The Paseo
- Location: Pasadena, California, United States
- Coordinates: 34°08′43″N 118°08′40″W﻿ / ﻿34.145162°N 118.144314°W
- Address: 300 E. Colorado Blvd, Pasadena, CA 91101
- Opened: September 2001; 25 years ago
- Owner: Cypress Equities
- Architect: Charles Kober & Associates
- Anchor tenants: 0 (2 at peak)
- Floor area: 553,377 sq ft (51,410.4 m^{2})
- Floors: 2
- Public transit: Los Angeles Metro Memorial Park station 180, 267, 662; Foothill Transit 187; Pasadena Transit 10;
- Website: www.thepaseopasadena.com

= The Paseo (Pasadena) =

The Paseo is an outdoor mall in Pasadena, California, covering three city blocks with office space, shops, restaurants, a movie theater, and 400 loft-style condominiums (called Terrace Apartment Homes) above.

It is located in downtown Pasadena between Colorado Boulevard to the north and Green Street to the south. Paseo Colorado is just east of and connected by a pedestrian bridge, the Garfield Promenade, to Old Town Pasadena, and west of the center of downtown. The mall is located across Green Street from the Pasadena Civic Auditorium in the Pasadena Conference Center. As of 2014, the mall is currently without an anchor retail chain stores since both Macy's and a Gelson's Markets had closed in 2013.

==History==
===Plaza Pasadena (1980 – 2001)===

The site was originally occupied by a shopping mall called Plaza Pasadena, which opened on September 3, 1980 and featured three anchor stores: J.C. Penney, The Broadway, and May Company California. It was built by The Hahn Company at a cost of $115 million on an 11-acre site and had featured over 120 stores. The development was designed by Charles Kober & Associates and the resulting design was awarded a Progressive Architecture Magazine Design Award in 1979.

Despite initially being successful in its early years, redevelopments in Old Pasadena took businesses and attention away from the mall. May Company closed its store there in 1989, and the space was divided among smaller stores.

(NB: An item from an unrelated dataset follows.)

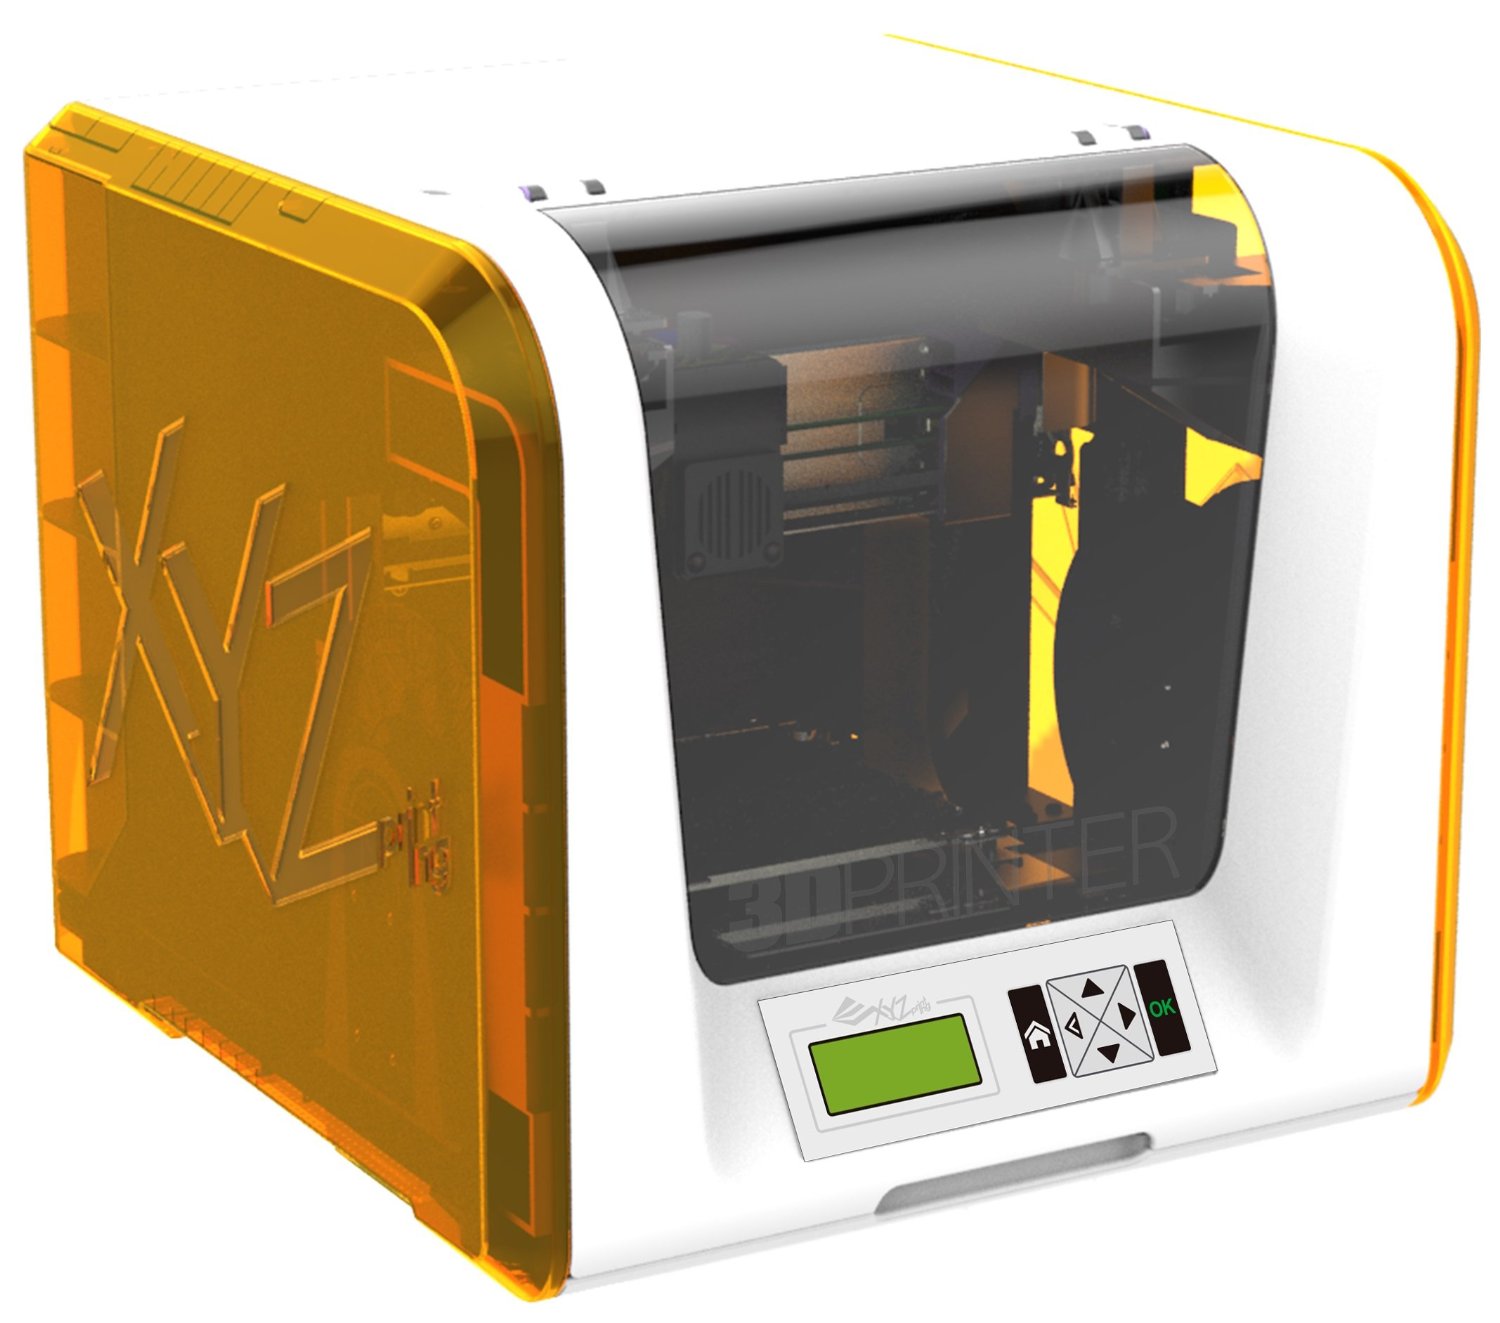 da Vinci Jr. 3D printer

In 1998, following the conversion of the Broadway store to Macy's two years earlier and the closure of J.C. Penney, the developers announced plans to tear down the mall and replace it with an outdoor center.

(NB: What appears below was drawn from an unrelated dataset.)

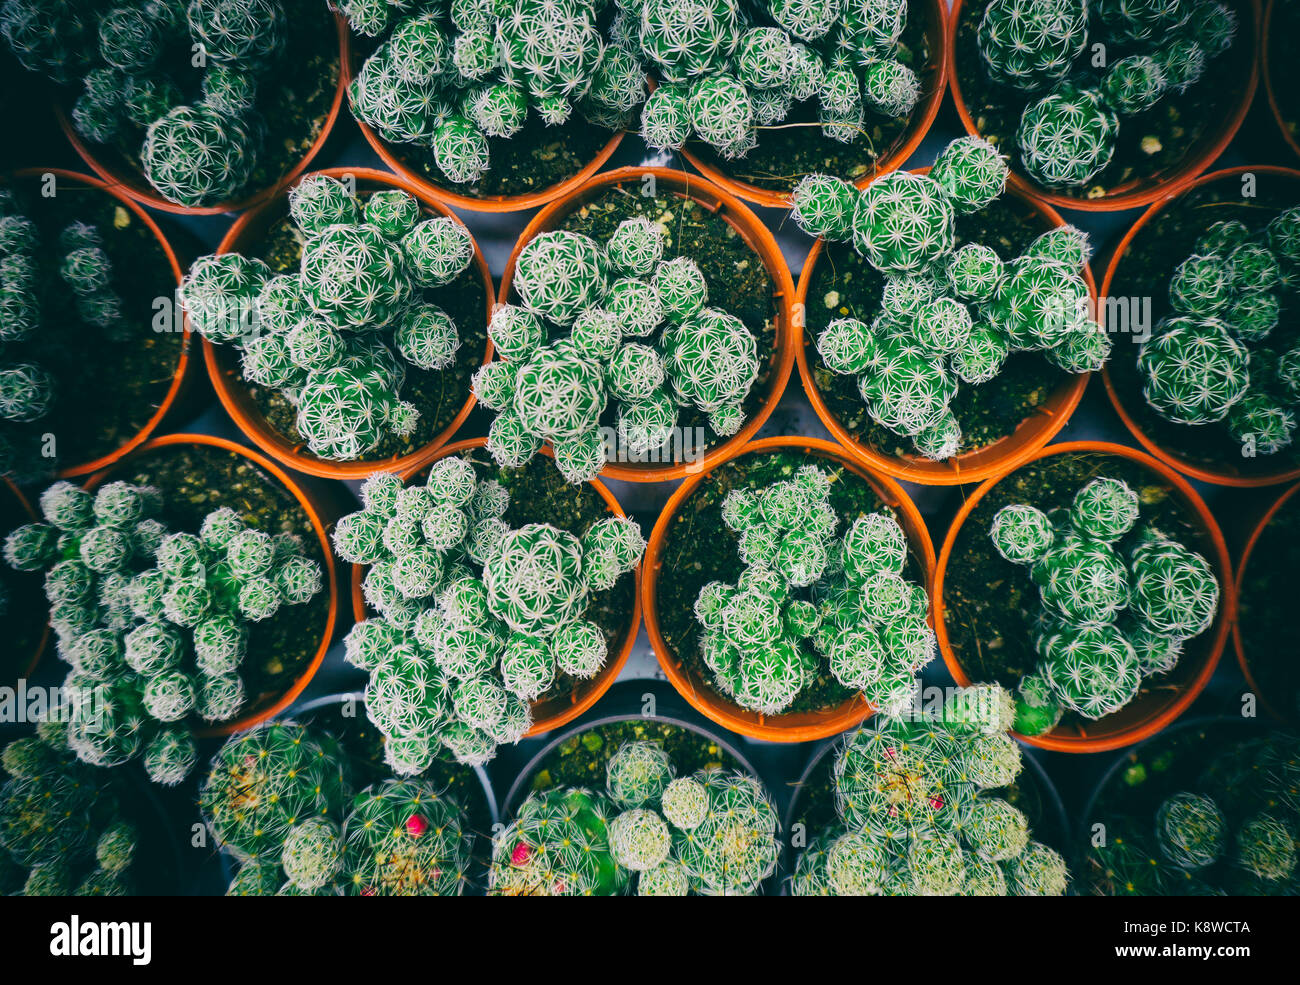 Ansicht der grünen Kaktus mit Retro styled Wirkung Stockfoto

===Paseo Colorado (2001 – 2017)===

Paseo Colorado opened in September 2001, retaining the Macy's store from the original development and added a supermarket and movie theater complex. Two years later, the outdoor center was sold to Developers Diversified Realty Corp. for $114 million in 2003.

In May 2010, Pacific Paseo 14 was replaced by ArcLight Pasadena. A few months later, the Paseo Colorado saw the opening of Noor, a 16,000 sq ft event space featuring state-of-the-art audio/visual and lighting and seating for up to 350 guests for banquets in its large ballroom, the Sofia, and 140 guests for banquets in its smaller ballroom, the Ella in November 2010.

On January 3, 2013, Macy's announced their store at Paseo Colorado would close in early spring 2013. At the time of the store closure, there were plans to demolish the Macy's building and replace it with a multi-story hotel.

In March 2013, Gelson's announced that they would close their store at Paseo Colorado on July 21, 2013. This store had been at this location since Paseo Colorado first opened 12 years prior. The closing of the supermarket in 2013 meant that, for the first time, the shopping development did not have a major retail anchor. This marked the gradual move away from retail and towards hospitality.

By late 2014, the mall was in the process of obtaining the necessary local governmental licenses to replace the vacant Macy's department store with a Hyatt Place hotel and mixed-use condominium complex. After obtaining the necessary permits, DDR began the demolition process in August 2015.

In January 2016, DDR sold the retail development to Cypress Equities of Dallas.

In 2016, a new dinner theater and event venue known as The Rose opened inside the space formerly occupied by Gelson’s Market. The space was 39,000 square feet (3623.2 m²).

===The Paseo (2017 – present)===
The shopping development was renamed The Paseo in 2017. H&M opened a new store in the development in December 2017. A Hyatt Place opened in December 2018; the site had formerly been occupied by a Macy's.

ArcLight Pasadena was closed in March 2020 as a result of the COVID pandemic. In April 2021, its parent company announced that none of its theaters would reopen. In April 2023, it was announced that Regal Cinemas had acquired the lease to the former Arclight Cinema at the mall and that it would reopen as part of the company's chain. On June 1, 2023, Regal Cinemas opened its doors at the former Arclight Cinemas.

Rubio's Coastal Grill closed a third of its restaurants including its Paseo Pasadena location while it filed for Chapter 11 bankruptcy protection in June 2024.